Bevor ihre Gegenwart nächtliche Wanderer auf den Plan rufen konnte, zog Ima das Kleid aus ihrem Bündel über und tauchte einen Leinenfetzen in die schlierige Brühe im Kupferbecken, um sich Schweiß und Blut abzuwaschen. Das Wasser stank nach Latrine. So etwas fiel hier niemandem mehr auf. Sie war sich sicher, dass Kephalonia nicht mehr viel vom Fieber trennte und dass die von langem Kriegsdienst geschwächten Männer eine weitere Fieberwelle nicht überstehen würden. Angewidert rubbelte sie sich mit einem trockenen Lappen über das Gesicht.
»Lass gut sein«, raunte Thierry, »das Schiff soll bei Sonnenaufgang ablegen - wir sind bald zu Hause, wo es sauberes Wasser gibt.« Das Feuer offenbarte ein schüchternes Lächeln, einen Blick voller Sehnsucht nach geordnetem Leben
und Hoffnung auf Vergessen … Ima drückte sie zärtlich an sich.

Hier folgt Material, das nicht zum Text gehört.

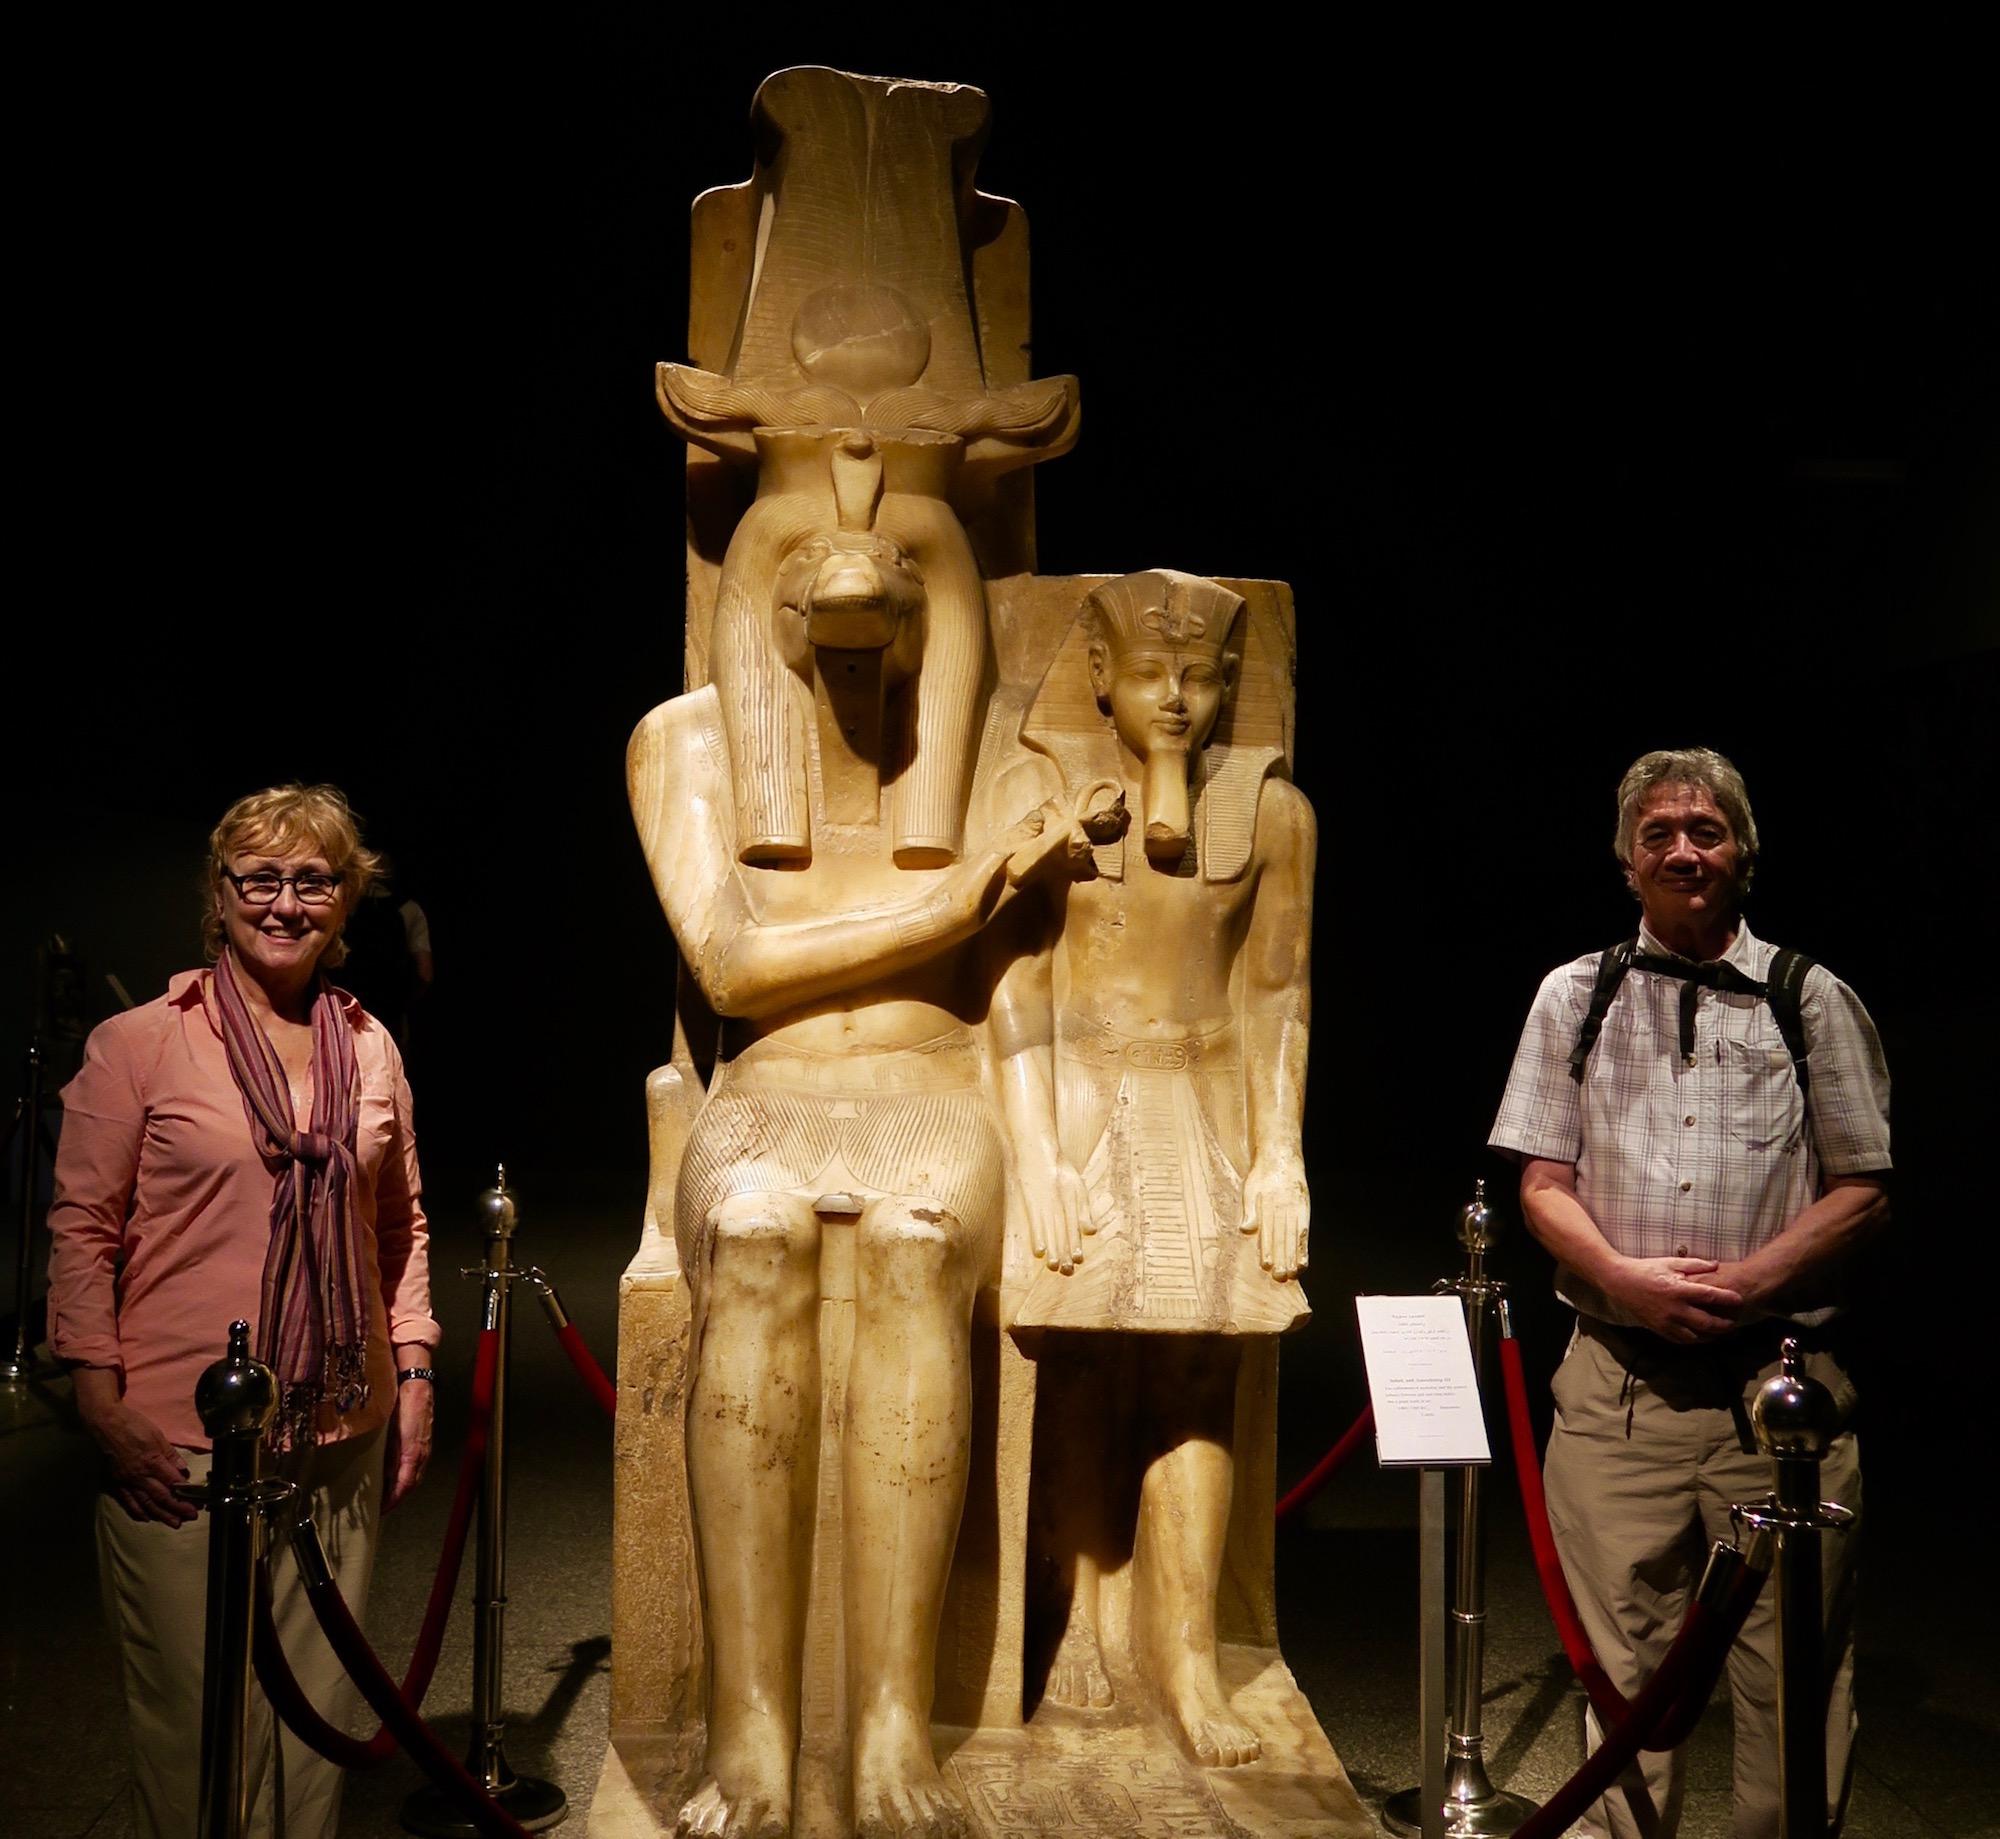 With Sobek & Amenhotep III, Luxor Museum

»Du hast recht. Für die Herzogin sollte das reichen. Vermutlich würde ich es ihr nicht einmal in einem Festtagskleid recht machen können.« Sie umarmten sich, dann riss Ima ihr altes Kleid entzwei. Die Rückseite bot ein paar Stücke ohne Blutflecke. Aus ihrem Beutel zog sie eine Phiole mit Lavendelöl hervor und tränkte die Lappen mit ein paar Tropfen.
»Glaubst du, das hilft?«, fragte Thierry zweifelnd. Ima zuckte mit den Schultern.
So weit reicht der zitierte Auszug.